Day 1:  Wake up as late as possible.  You can say you were up late trimming your resumé, but what that really means is you re-discovered FunnyOrDie’s Drunk History while attempting to remember your old thesis topic.

Breakfast:  Cereal, milk, tea.  Your roommates reuse tea bags, but this is too reminiscent of that Depression-era mockumentary where they actually cut the penny in half.  Reusing tea bags is like eating a bagel someone chewed first.

Exercise:  Think about it this way.  You want to conserve calories.  Only rich people want to be in shape.  You want to eat as much as possible, as cheaply as possible.  If that means having a few TD Bank lollipops (green and/or purple) while just checking in on your incubating account, consider it lunch.
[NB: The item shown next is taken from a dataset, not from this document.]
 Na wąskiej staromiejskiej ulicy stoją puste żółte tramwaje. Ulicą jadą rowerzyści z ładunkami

Lunch:  2 lollipops from the bank.

If you work in the food industry, eat as much as possible on the job.  If you work in a kitchen, you’re golden.  And probably fat.  But be careful:  it’s best not to go into work hungry, because you will become obsessed with how to best filch food on the sly.  While chopping those carrots, your only thought is how to get a good-sized chunk to pop in your mouth.  The pastry dough is uneven?  Trim that sucker.  The walk-in fridge is a great opportunity, those rows of quart containers just crying to be pried open and sampled.  Just don’t let anyone walk in on you with your figurative pants down, half a square of cold squash lasagna stuffed down your frost-breathing maw.
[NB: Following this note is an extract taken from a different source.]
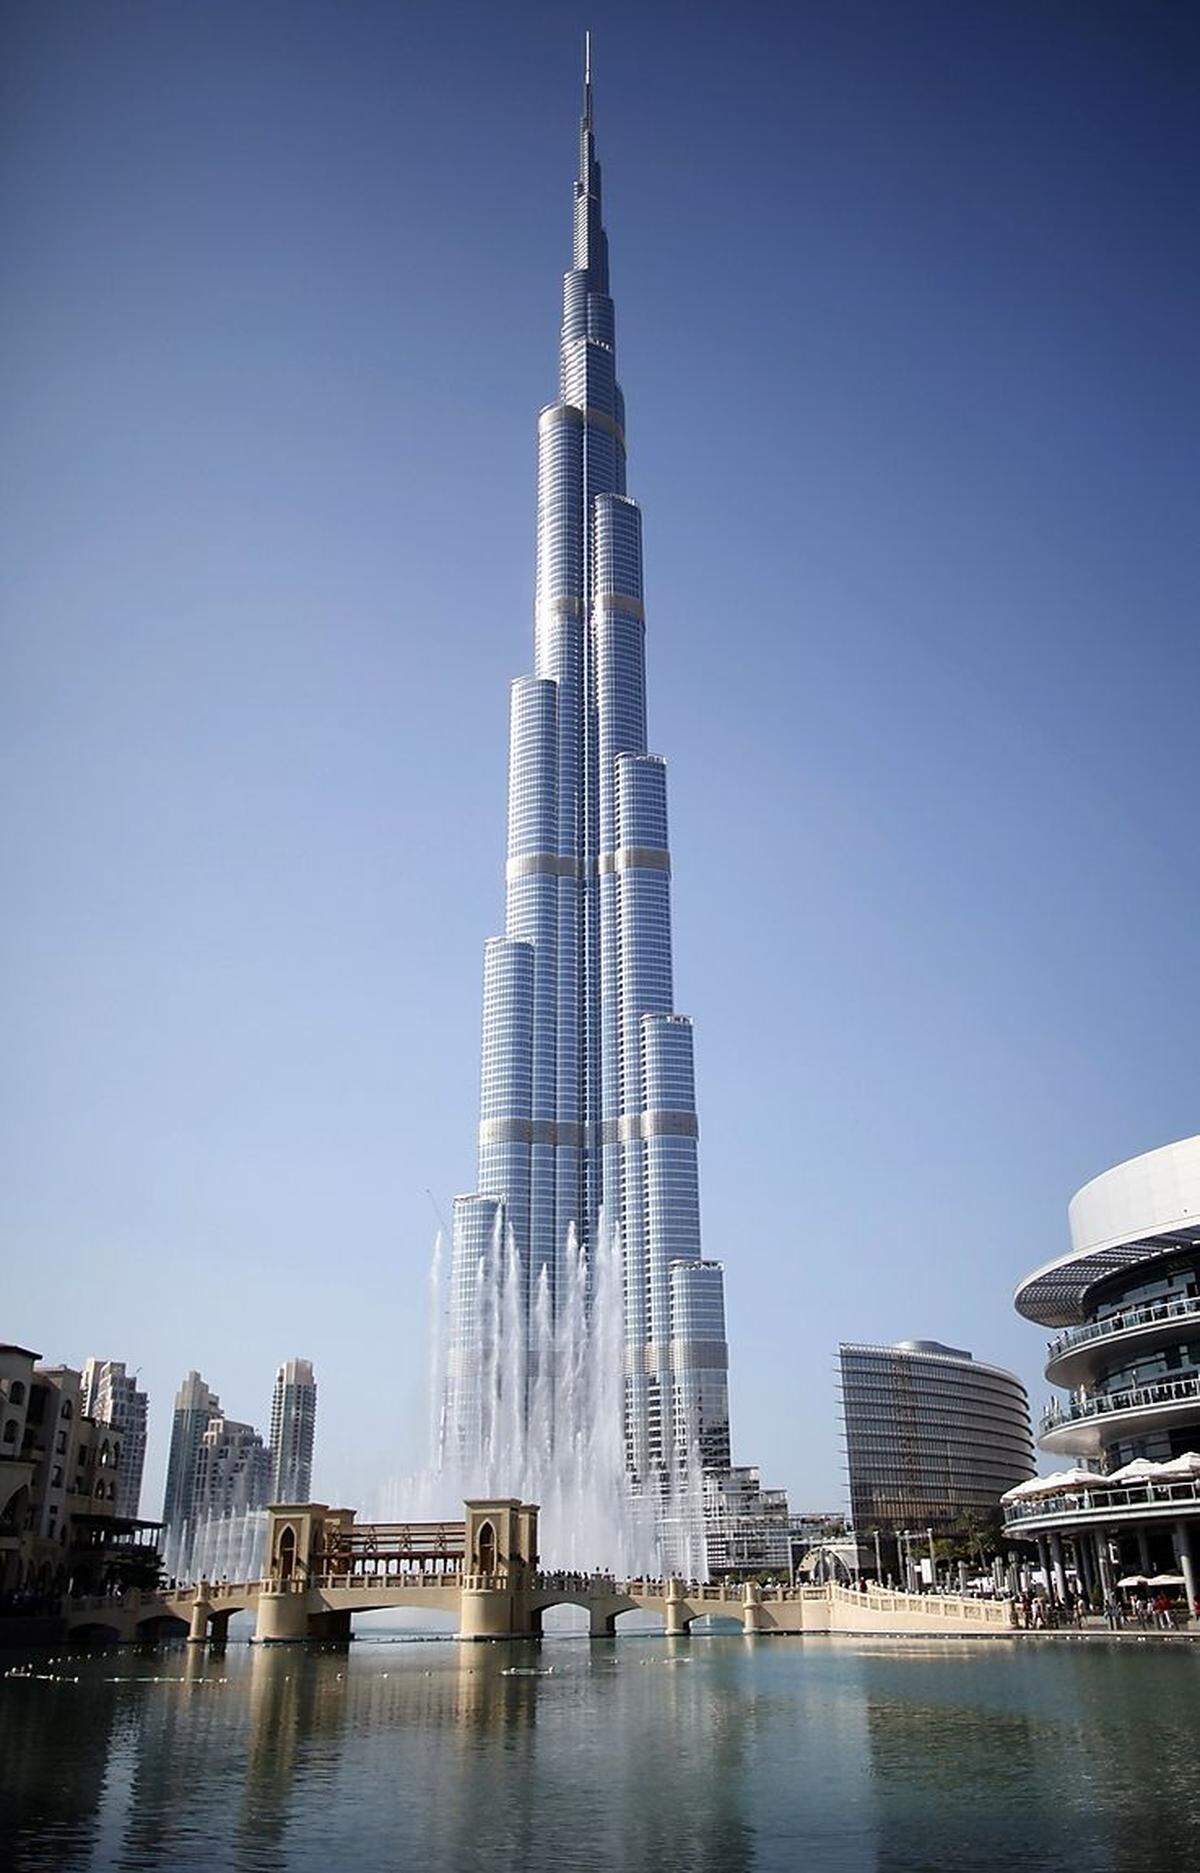 International betrachtet nimmt sich Pianos Turm allerdings eher wie ein Zwerg aus: Mit seinen 310 Metern ist er nicht einmal halb so hoch wie der 828 Meter hohe Burj Khalifa (im Bild) in Dubai, das höchste Gebäude der Welt.

Dinner in the food industry:  midnight, after you’ve finished cleaning behind the stoves and mopped the floor of the predecessors to the chicken that’s now on your plate.

If you’re a waitress in a fancy place, good luck.  Food filching is virtually impossible in between yelling at/getting yelled at by the expeditor, burning yourself on other people’s dinners, bowing and smiling at annoying patrons.  Dinner:  midnight.  You’re too tired to be hungry anymore.  Look on the bright side: no one likes a fat waitress!

Bussers:  Gross, don’t even think about eating off the plates you’re clearing.  Well, unless it looks really good and relatively untouched.

If you don’t work in the food industry, you probably should.  Unless you want to subsist off of the packaged goods that sometimes show up during holidays and birthdays.

Day 2:  Rinse and repeat.  For every inquiry on Craigslist you send out, treat yourself to a spoonful of peanut butter.